— Data below —
=======
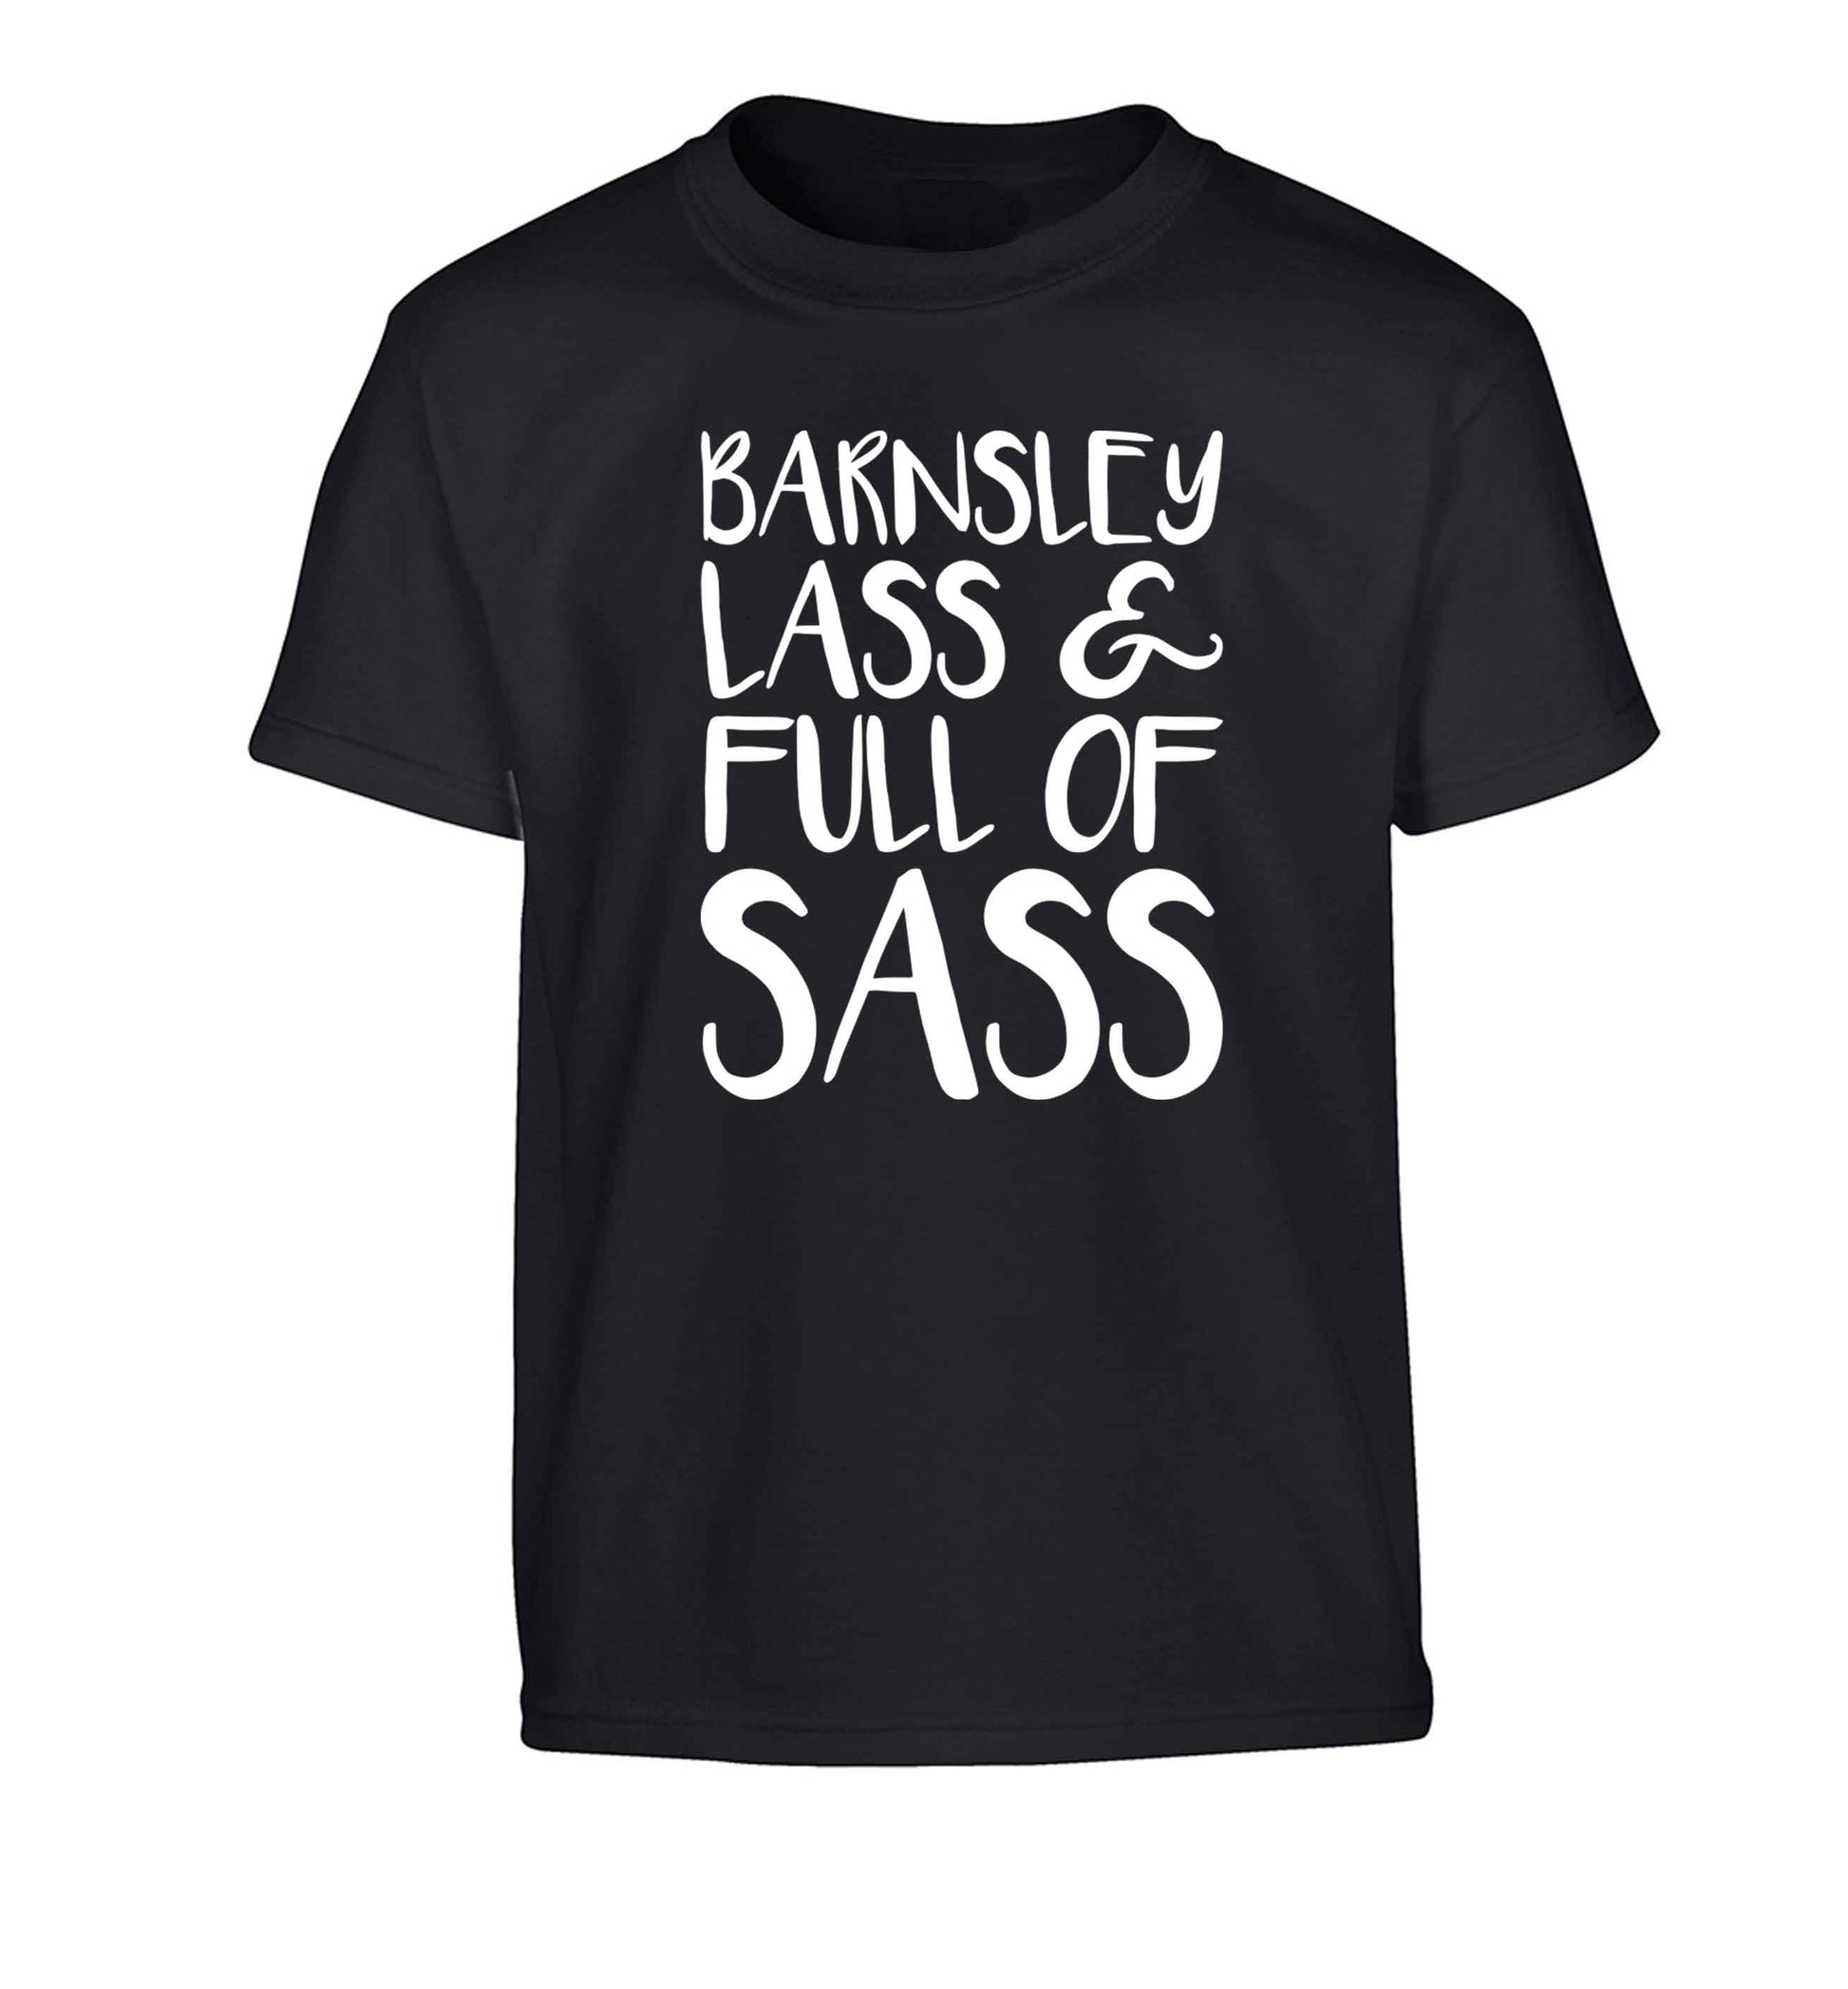 Barnsley lass and full of sass Children's black Tshirt 12-13 Years
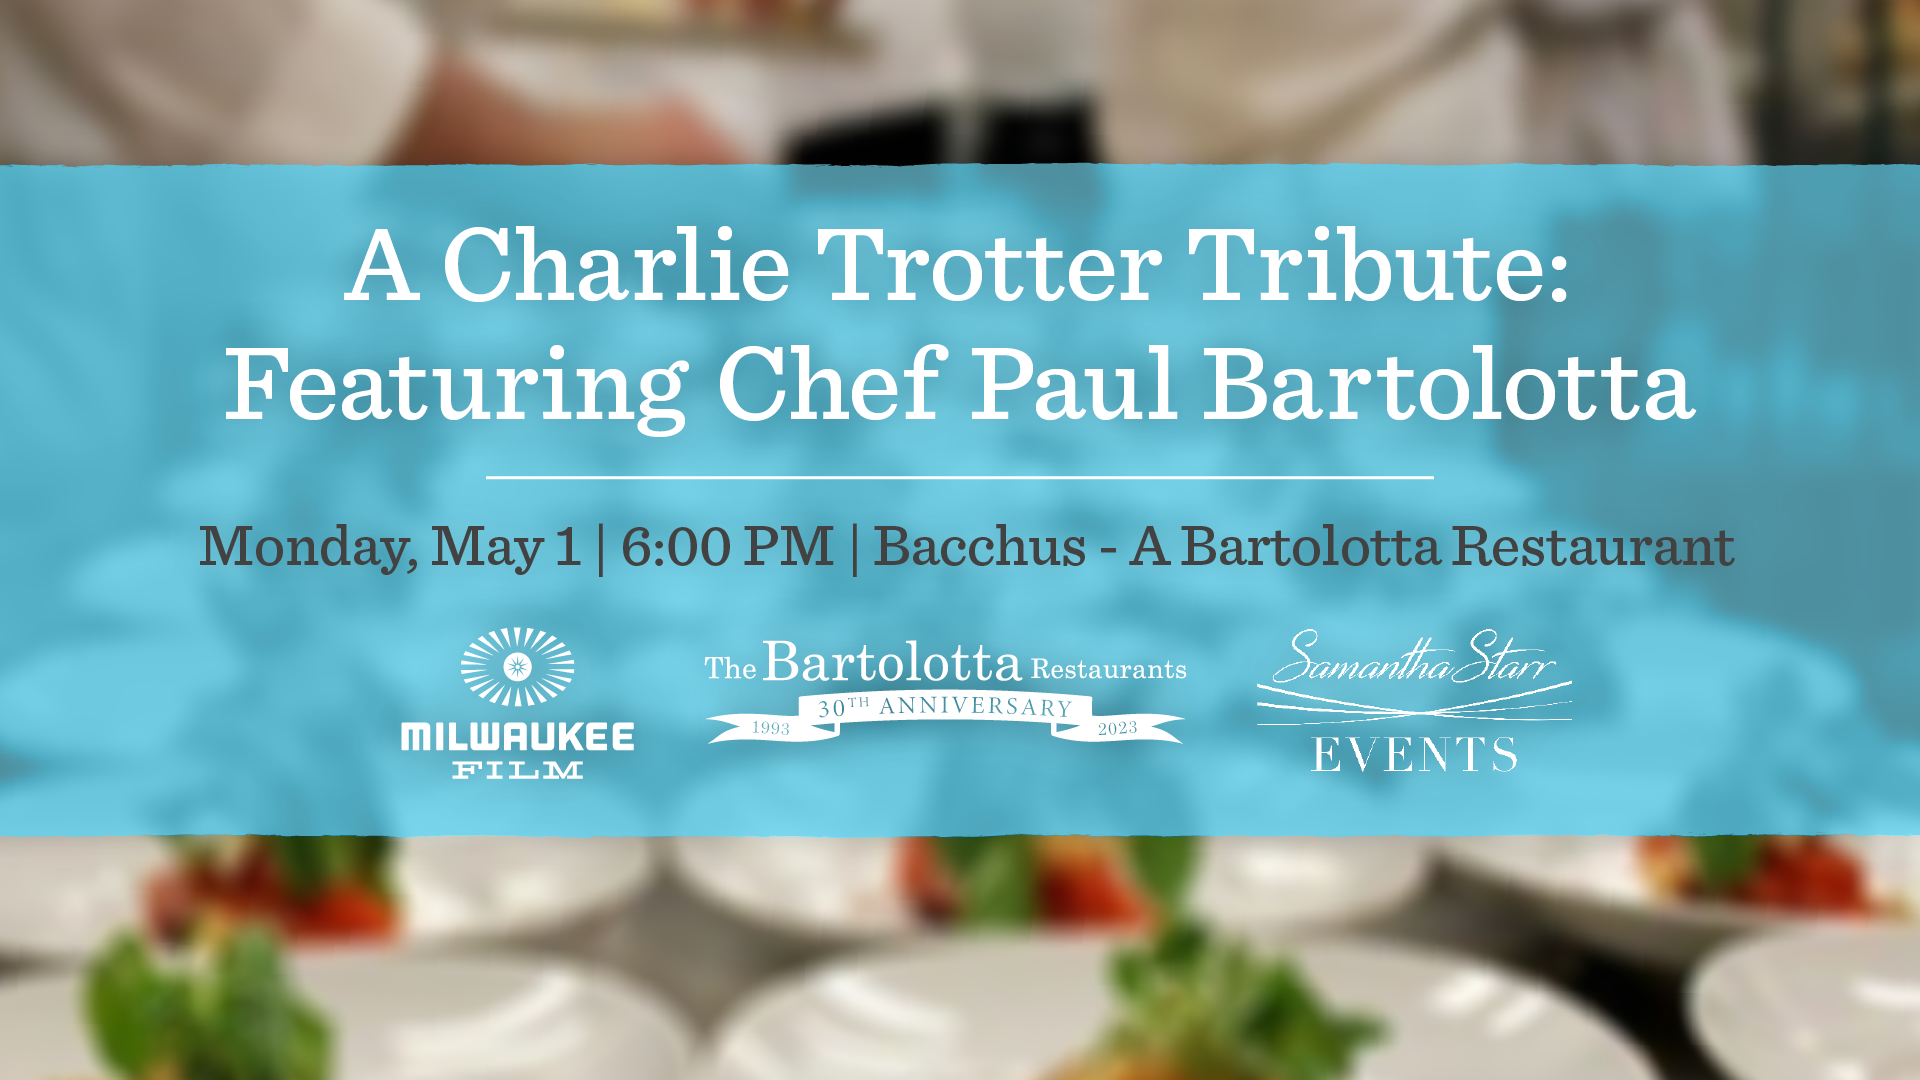 密尔沃基电影公司将于5月1日星期一举办纪念芝加哥革命厨师查理·特罗特的晚宴，邀请两届詹姆斯·比尔德冠军厨师保罗·巴托洛塔在巴克斯巴托洛塔餐厅用餐
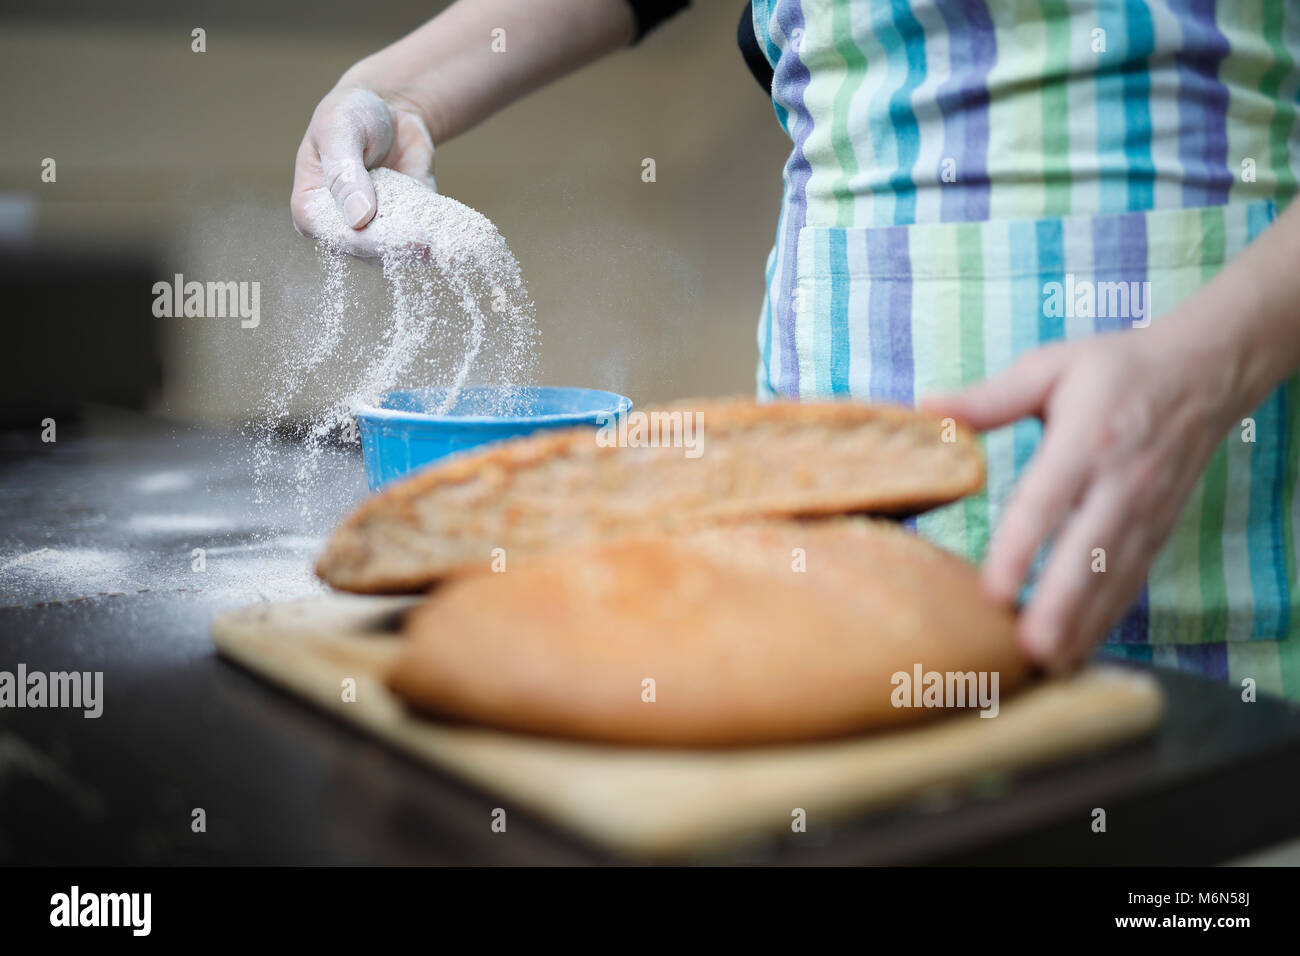 Accueil fait partie intégrante du pain sur table en bois. Femme répand la farine dans le bol. Banque D'Images
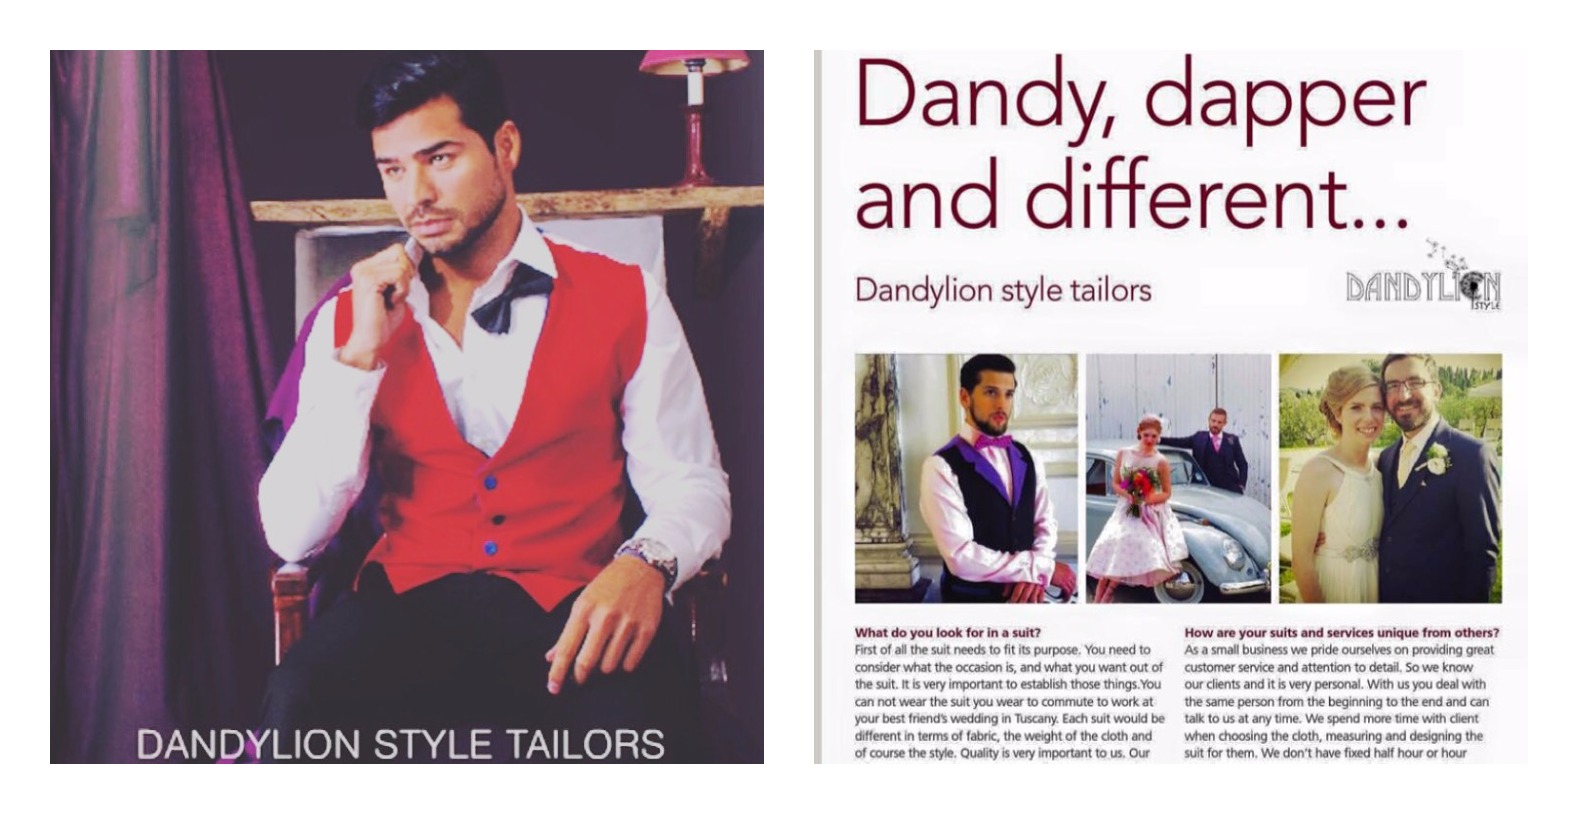 Dandylion Style Tailors – Dandy, Dapper & Different
=======
— Exercise directions —
Output the listing above exactly, but leave its pictures behind.

— Exercise solution —
 Barnsley lass and full of sass Children's black Tshirt 12-13 Years
 密尔沃基电影公司将于5月1日星期一举办纪念芝加哥革命厨师查理·特罗特的晚宴，邀请两届詹姆斯·比尔德冠军厨师保罗·巴托洛塔在巴克斯巴托洛塔餐厅用餐
 Accueil fait partie intégrante du pain sur table en bois. Femme répand la farine dans le bol. Banque D'Images
 Dandylion Style Tailors – Dandy, Dapper & Different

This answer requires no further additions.